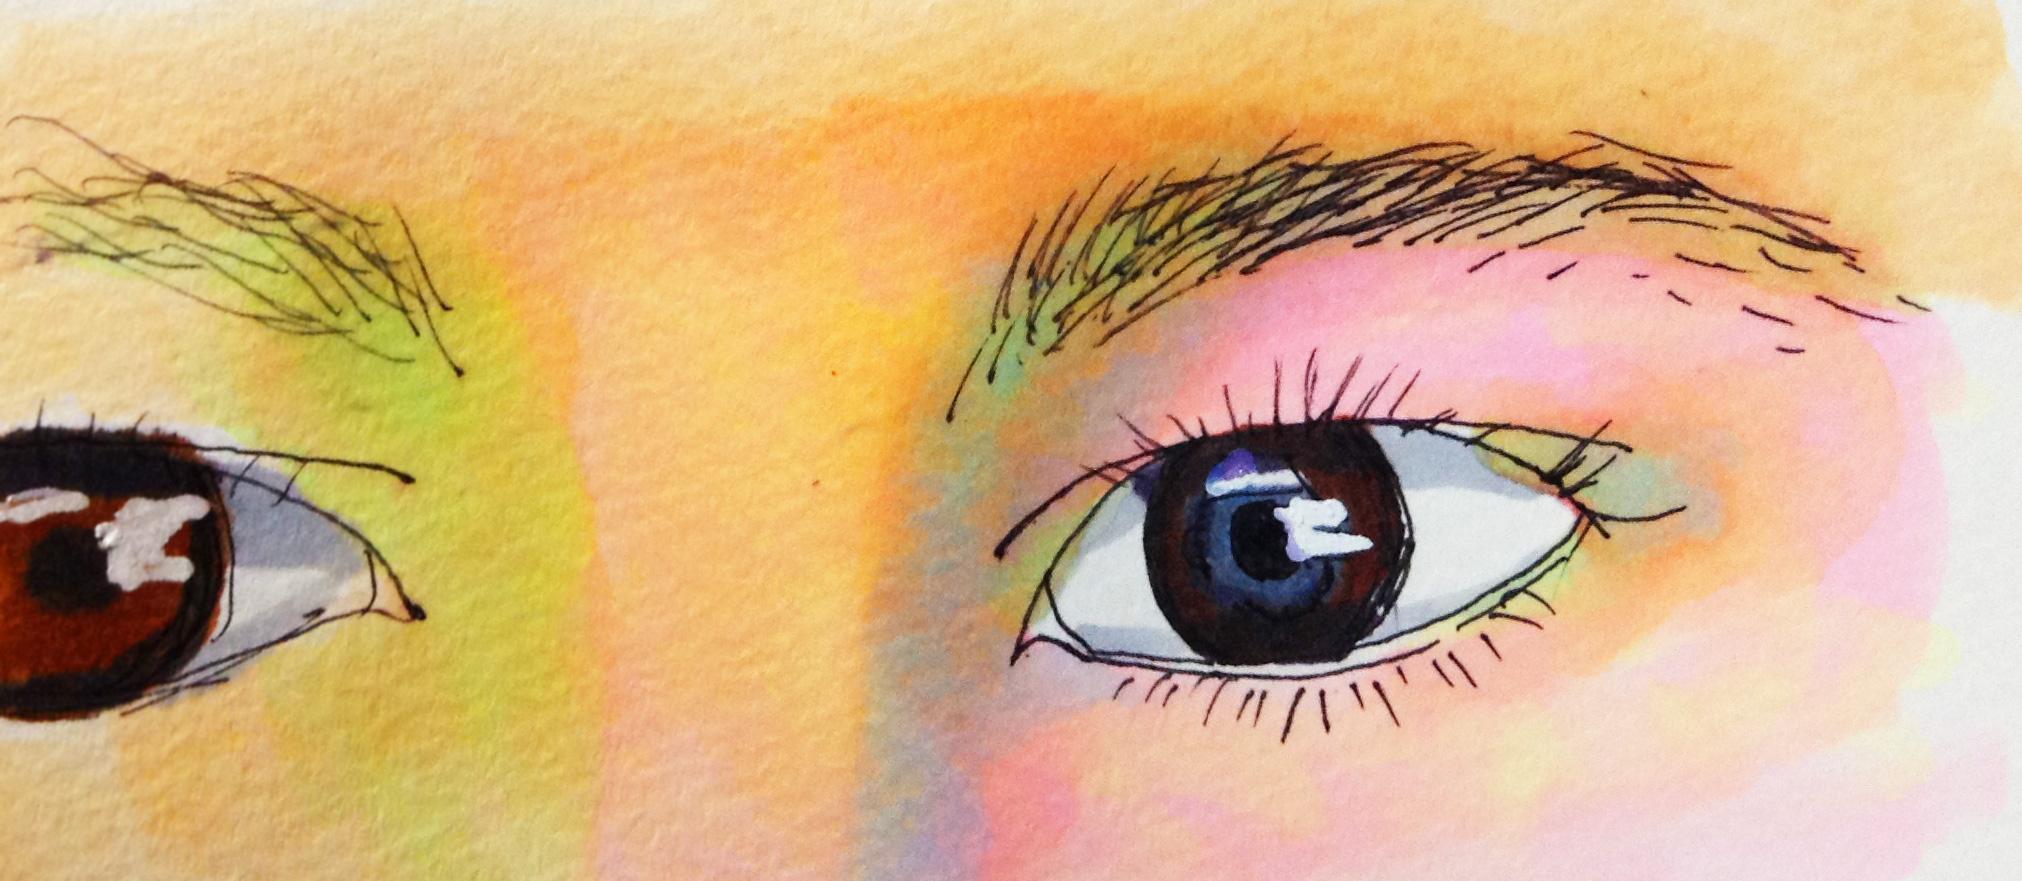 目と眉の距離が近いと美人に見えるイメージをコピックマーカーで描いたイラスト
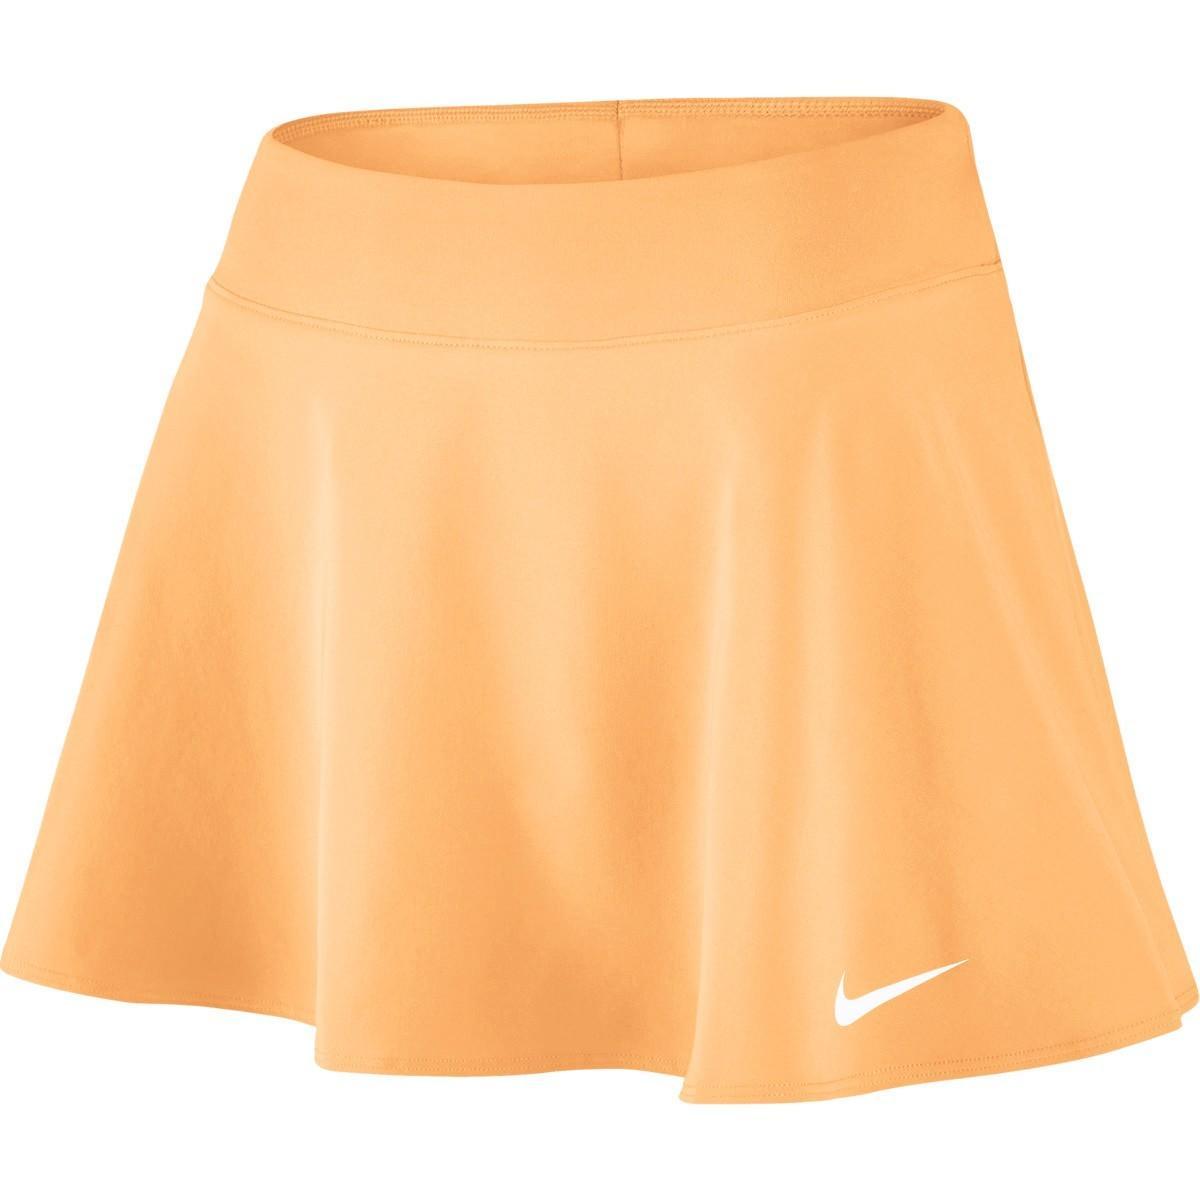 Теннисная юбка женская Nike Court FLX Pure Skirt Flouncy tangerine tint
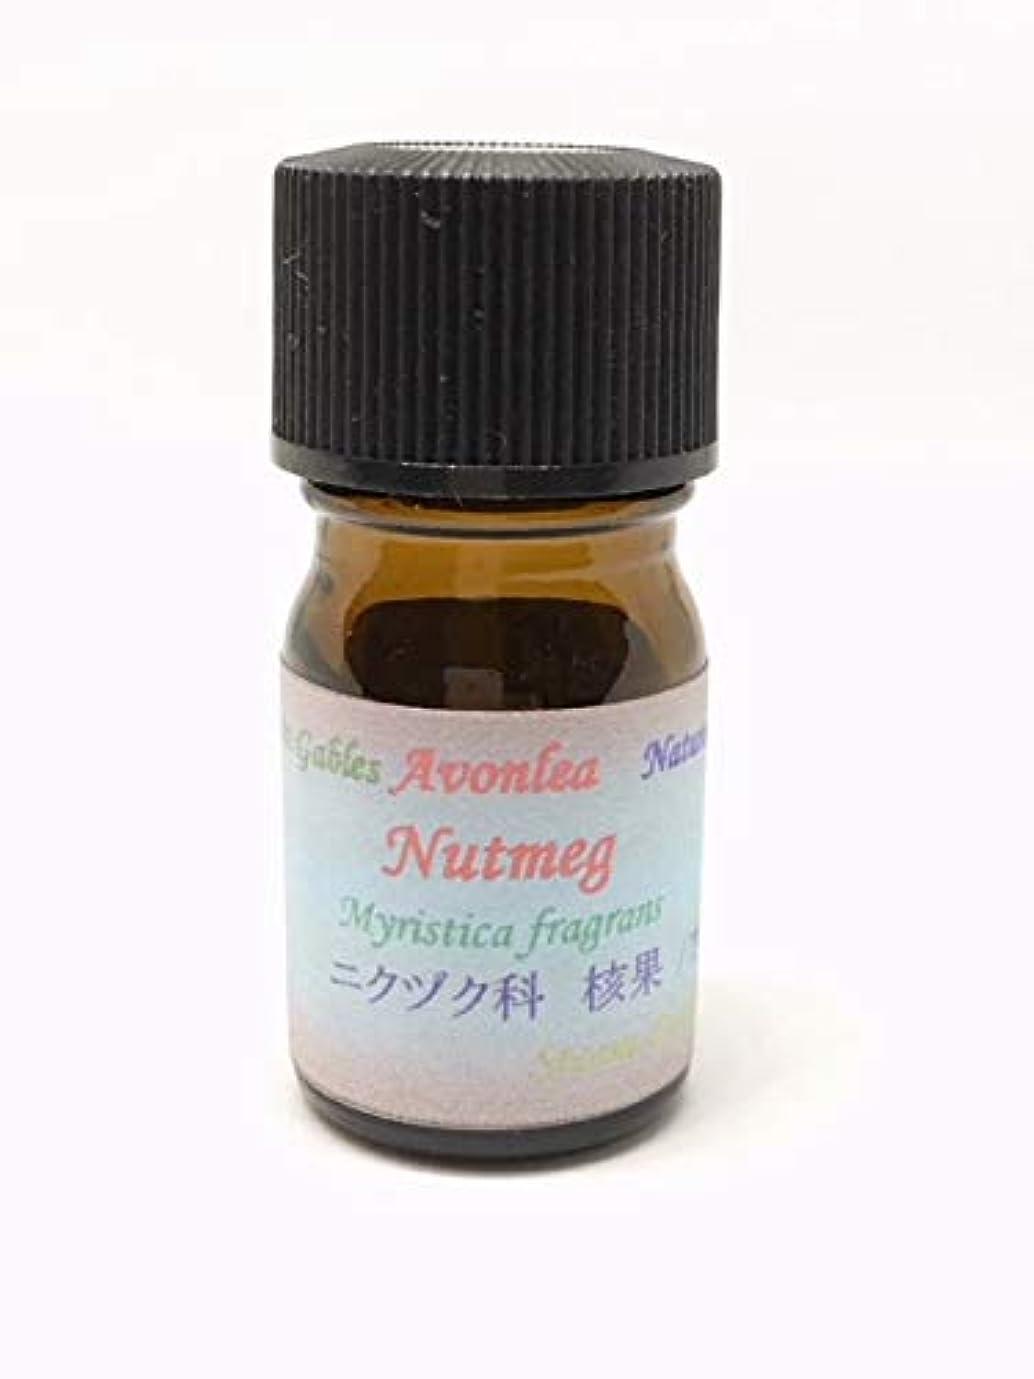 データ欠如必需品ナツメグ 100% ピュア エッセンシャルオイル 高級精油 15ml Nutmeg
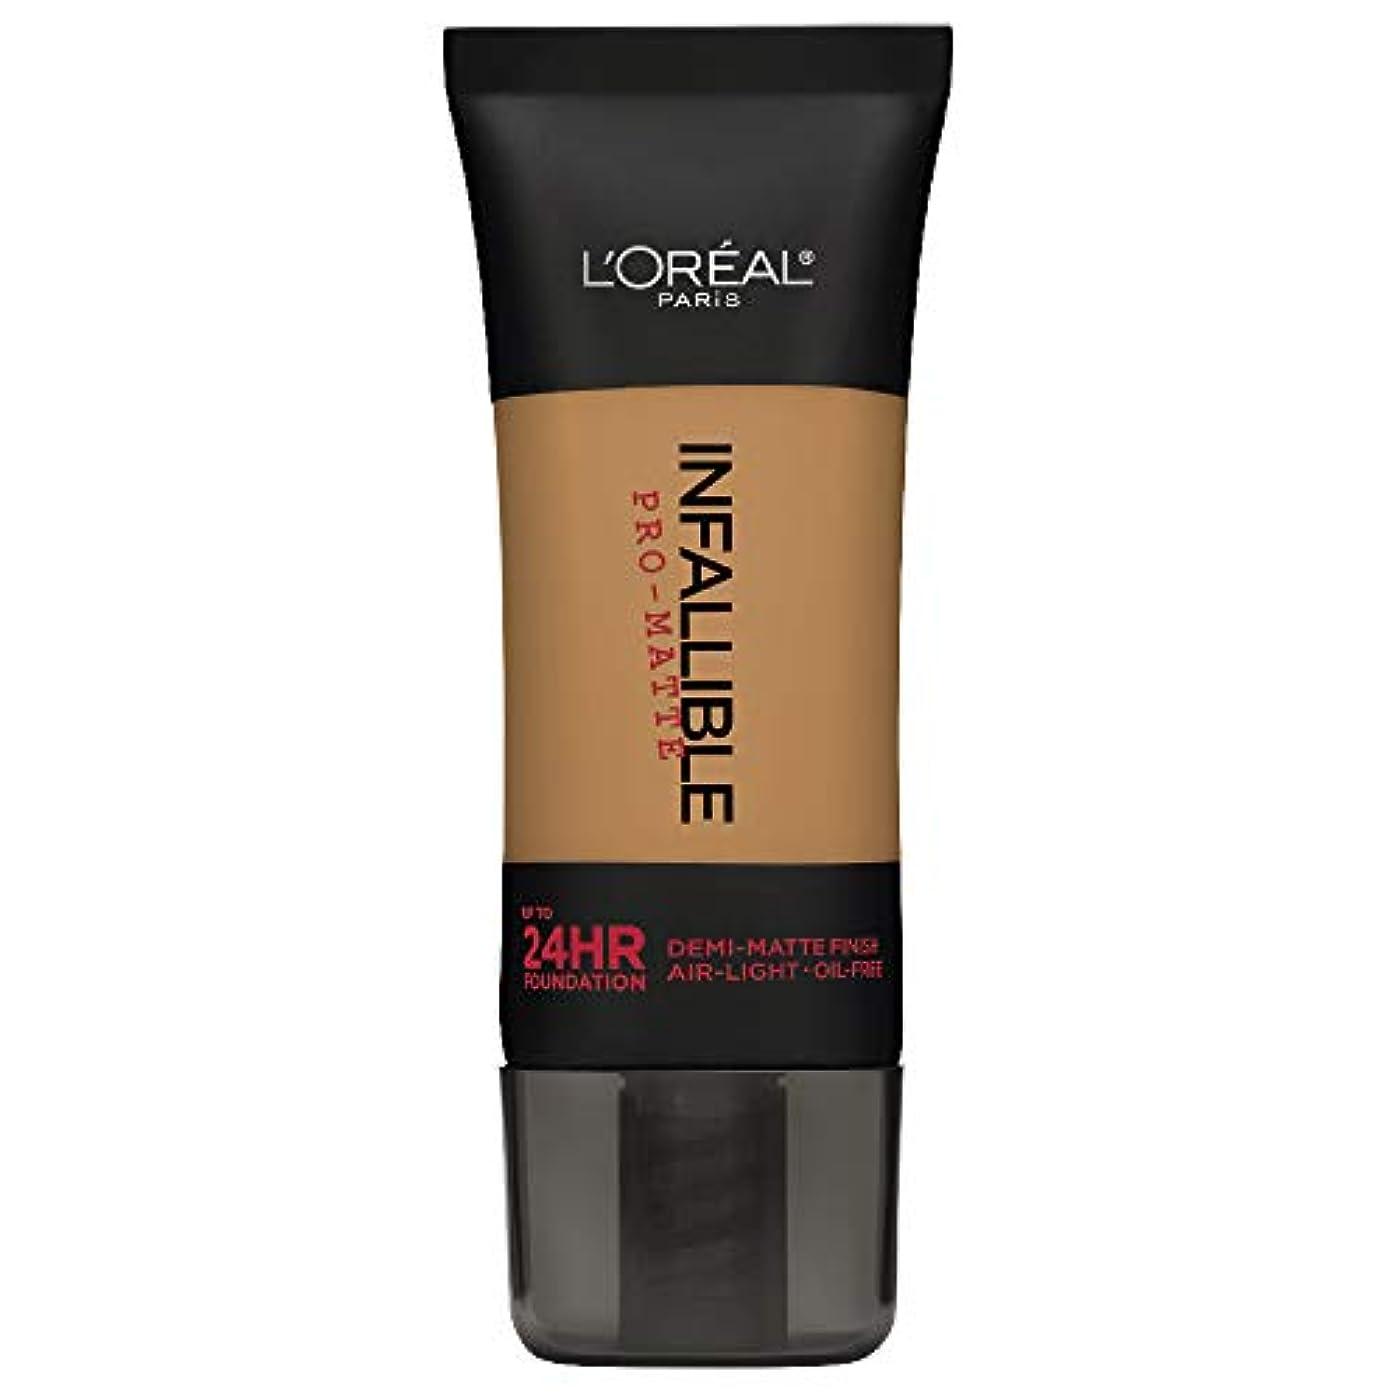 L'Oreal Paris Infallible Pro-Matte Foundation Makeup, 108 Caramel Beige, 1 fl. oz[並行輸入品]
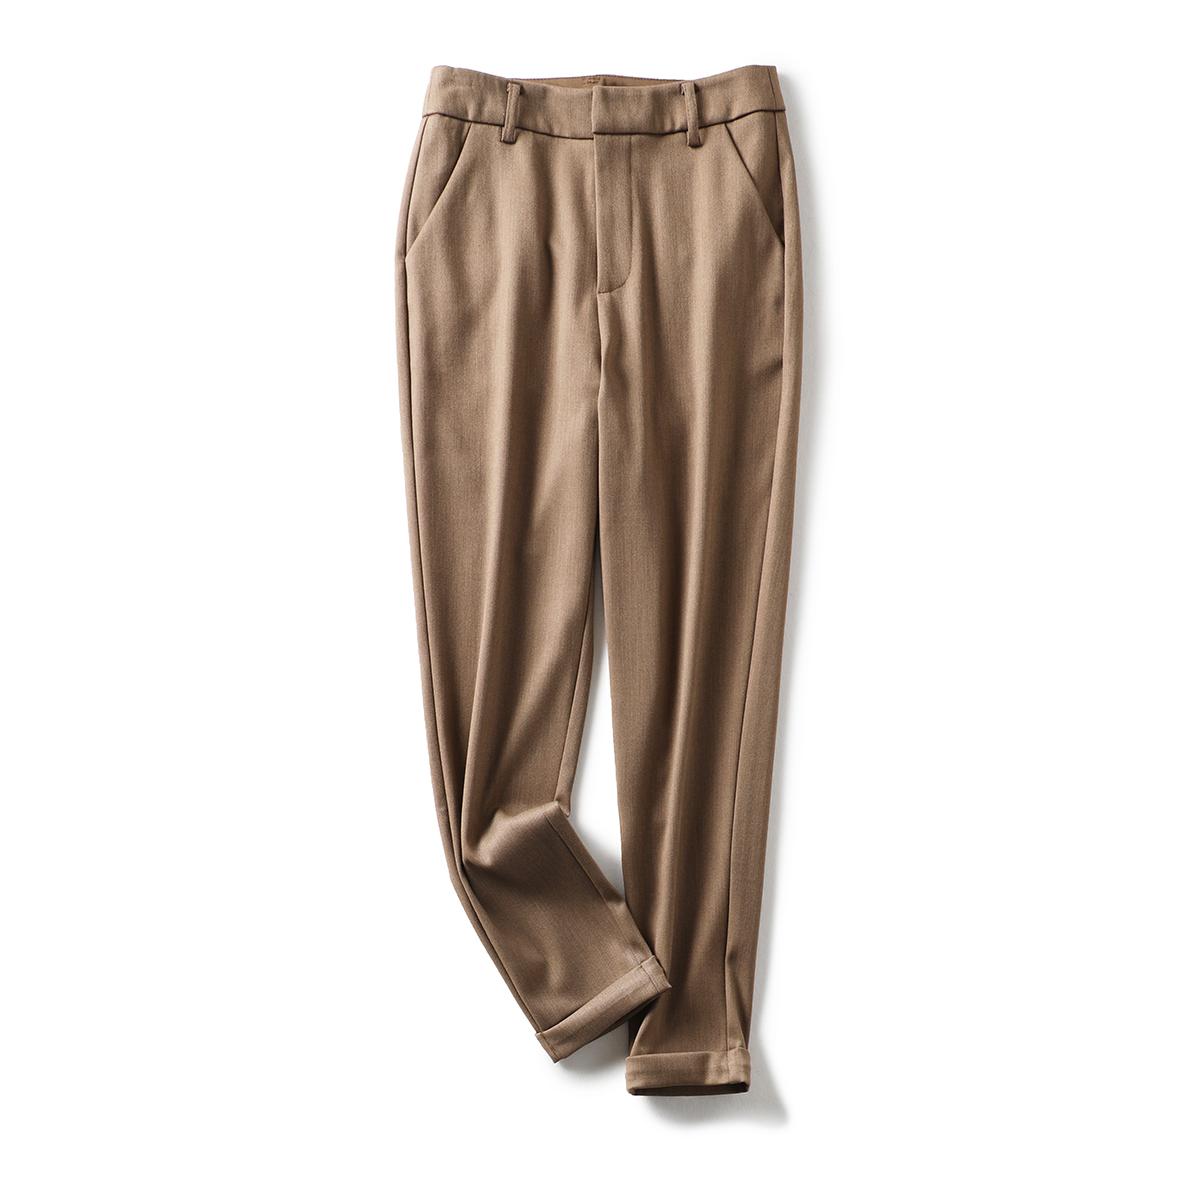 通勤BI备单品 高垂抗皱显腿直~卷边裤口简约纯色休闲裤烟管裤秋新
────────────────
**REQUIRED ACTION:**
Write out again, word for word, the lines from the one holding "データ欠如必需品ナツメグ 100% ピュア" through the final line of the listing, including both ends but no pictures.

**RESPONSE:**
 データ欠如必需品ナツメグ 100% ピュア エッセンシャルオイル 高級精油 15ml Nutmeg
 L'Oreal Paris Infallible Pro-Matte Foundation Makeup, 108 Caramel Beige, 1 fl. oz[並行輸入品]
 通勤BI备单品 高垂抗皱显腿直~卷边裤口简约纯色休闲裤烟管裤秋新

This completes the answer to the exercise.